Trusting My Gut

The theme for this week for CB is confidence and trusting himself. There have been several situations where he responded to the posed questions with confidence and with the correct answers. However, when another child joined in and started responding, CB would wait to respond till the other child responded. CB would then second guess his answers and much of the time respond with the other child’s answers, even if the answer was wrong. Olem and I have talked in detail about how much we want to help him gain confidence and to be able to trust that he can accomplish whatever is set forth. Yes, it may take a longer time for CB and it may take more work, but he can do it! I want him to stop second guessing himself.

This got me thinking about how I talk about this topic like it is such an easy thing to do – trust yourself, trust your gut. This is something I have struggled with and continue to struggle with. On certain topics, I can come across as quite assertive and maybe even arrogant. I am argumentative by nature and have to work on toning my assertiveness down. On some topics though, I feel I struggle to get my head around all the options and which one seems to be the best one. I have told myself over and over not to second guess myself so much in those scenarios, but I feel that my ability to really make the best decision was limited.  I just didn’t feel like I was able to really see the bigger picture. I would get lost in all the minutia of the data presented and couldn’t really step back, take in all the data, and make that really high level decision. Now, I am mainly looking back at a very specific time in my life, but I feel I learned a lot about myself during those trials and somewhat tough times. So how does this really relate to CB and his confidence struggles?

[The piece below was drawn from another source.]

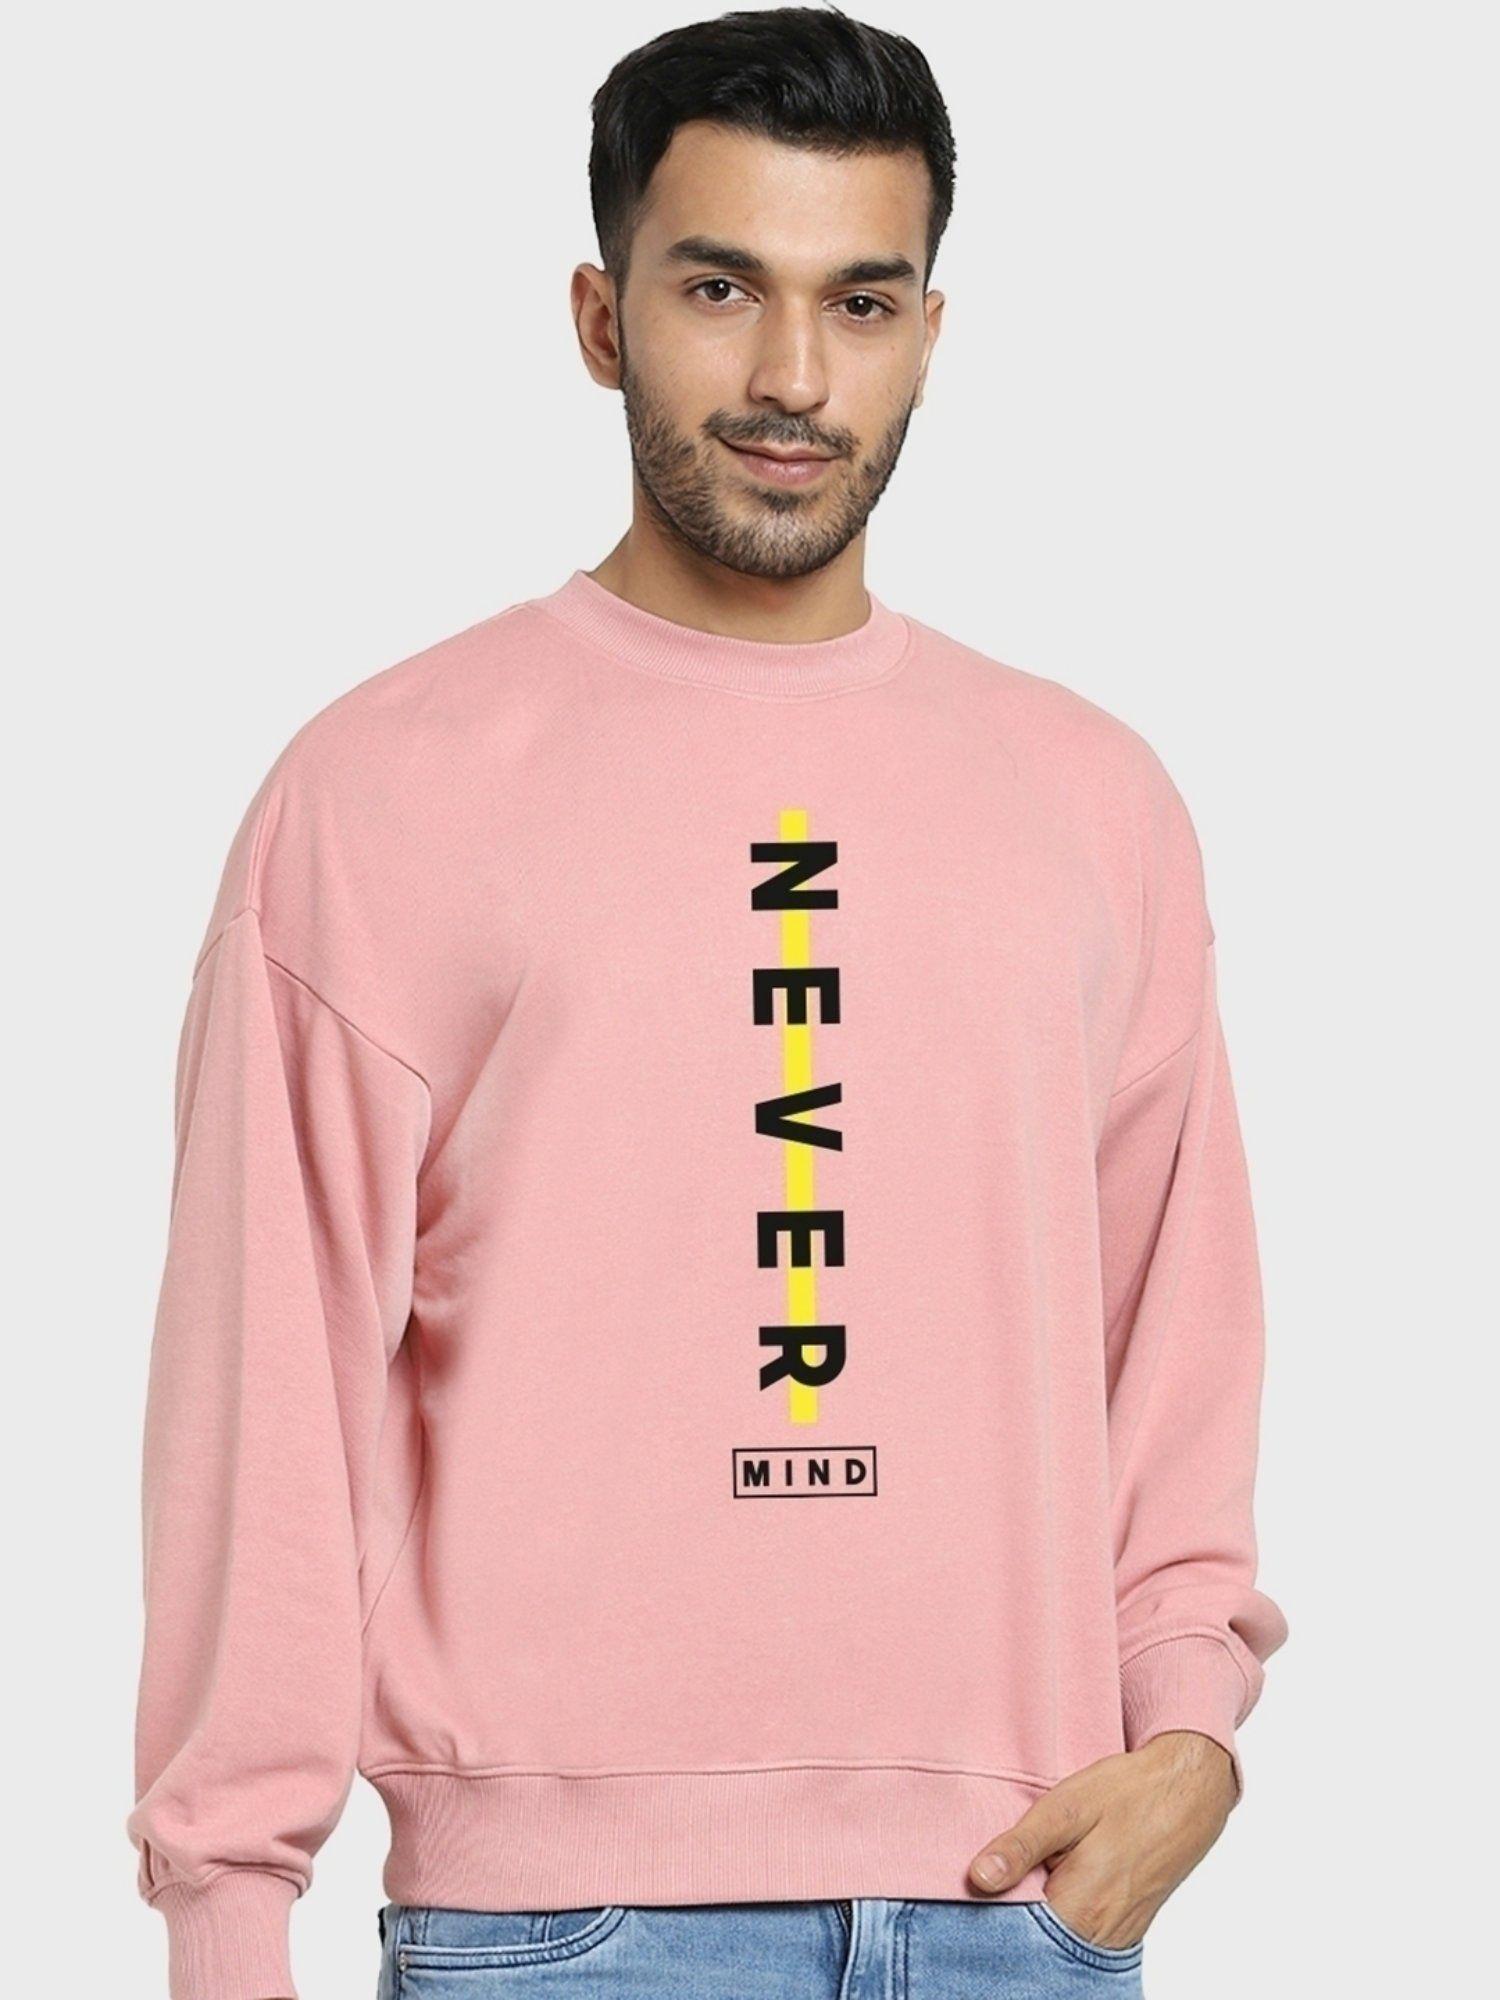 men's-pink-never-mind-typography-oversized-sweatshirt

I wonder if that is how CB feels but on a daily basis. Maybe he can only process so many variables and on a regular basis, there are just too many variables presented. So he either shuts down, focuses on some other distraction, or choose the only option he can process, which in the scenario I presented above may be to choose the other person’s answer.  Who knows if by focusing on the other person’s answer whether he has even forgotten what the original question was and therefore really doesn’t know the answer. CB does need things broken down step by step. He can follow multi-step requests but only certain ones. Many times, we have to speak slowly and repeat them. If the issue is that he is having to process too much, then the obvious answer is to provide an environment with the least distractions and to not test CB’s capabilities in this type of fashion. It is educational and beneficial to interact in the group setting and I think he can still learn in those scenarios; however, it may not be fair to access his knowledge acquisition in that same setting. So, in some scenarios, maybe it is not an issue of trusting his gut. Maybe, he is losing sight of what his gut is telling him before his gut has a chance to speak. And for many others, there is the issue of CB learning how to listen to his gut and to trust it. We will continue to provide more options for CB to be independent and feel success in his capabilities. And we will continue to try to understand where CB is coming from and to try to meet him at his level and to find new and different ways to help CB learn and grow.